On Friday, the department issued a “notice of proposed rulemaking” that would, if implemented, block taxpayer-subsidized student loans for worthless degrees. To say that this is needed is a vast understatement.
As it stands, there is nearly $1.7 trillion in outstanding student loan debt, and “fewer than 40% of borrowers are in repayment, and nearly 25% of borrowers are in default,” notes The Federalist’s Breccan F. Thies.
Why? Because far too many students were suckered into borrowing money – with the loans heavily subsidized by taxpayers – for college degrees that guaranteed them nothing, other than delaying adulthood by four years while piling up debt.
Colleges and universities have made out like bandits from this scheme, which lets them create bogus majors, pad their payrolls with administrative jobs, and hike tuitions massively, knowing that taxpayers would cover the costs.
Joe Biden made the problem worse by telling students that they’ll never actually have to pay off their college loans.
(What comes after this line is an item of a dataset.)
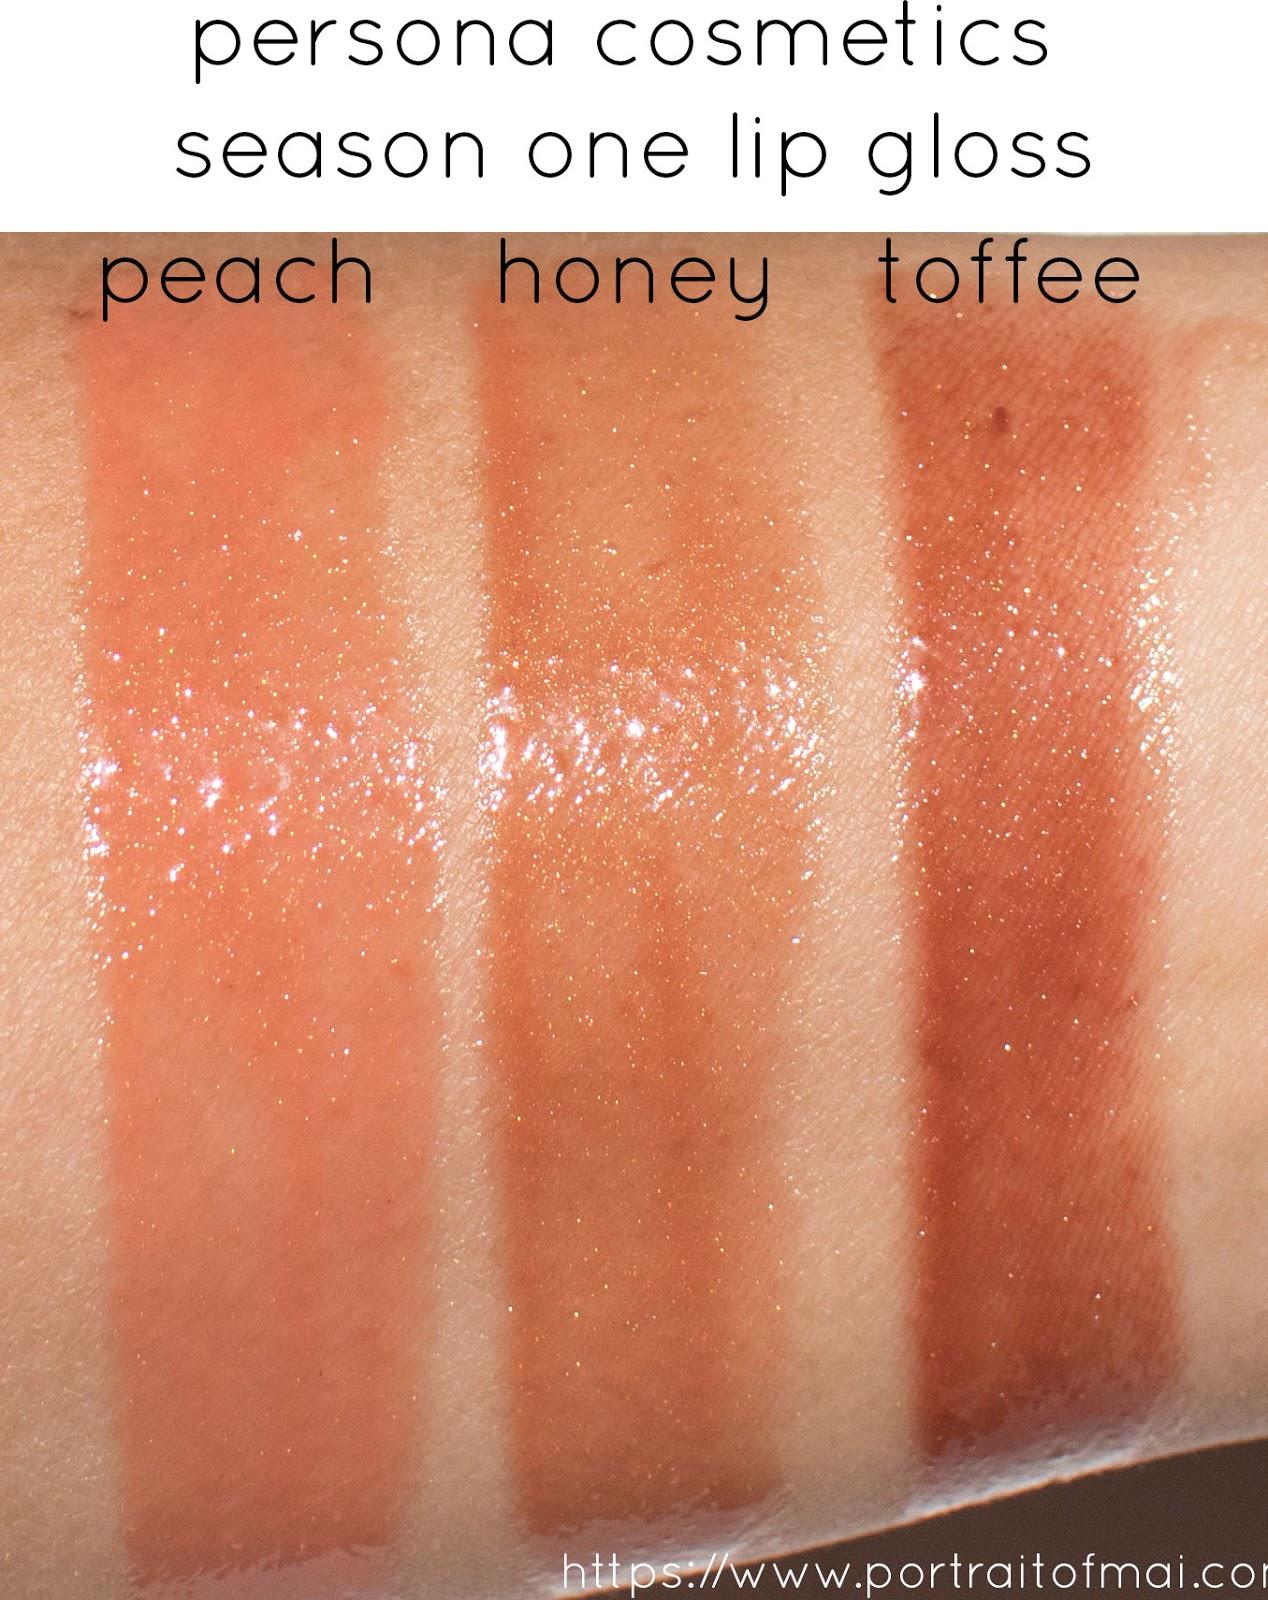 Persona Cosmetics Season One Lip Gloss Arm Swatch

President Donald Trump is, thankfully, trying to end this grift. The proposed rule would require “colleges and universities to be accountable for how much their graduates earn after leaving their programs, cutting off the institutions from accessing federal student loans if they leave them worse off financially,” says Bloomberg Government.
Once in place, colleges would have to prove that their graduates are making more than those who didn’t bother to go to college. Those obtaining master’s and doctoral degrees would have to earn more than those who just got a bachelor’s. If schools fail to do so for two years in a row, those programs would be cut off from federal loans.
We suspect that right now, colleges across the country are looking at their course offerings and panicking. Do they really think queer studies, social justice, peace studies, creative writing, anthropology, and various other pointless majors will pass muster? To say nothing of the create-your-own-majors that some colleges allow.
“The Trump administration’s proposed accountability framework is grounded in common sense: if postsecondary education programs do not leave graduates better off, taxpayers should not subsidize them,” said Undersecretary of Education Nicholas Kent in a press statement.
We say “Amen!” to that.
The rule still needs to be finalized, but we can’t see any reason why the Education Department wouldn’t do so, or who could be opposed to it. Trump is taking other steps to tighten the rules on federal college aid, which now exceeds $275 billion a year, according to the College Board, and mainly just fuels tuition inflation.
This problem has festered for decades. So far, Trump is the only president who’s had the cajónes to take it on directly.
And for that, every taxpayer should be grateful.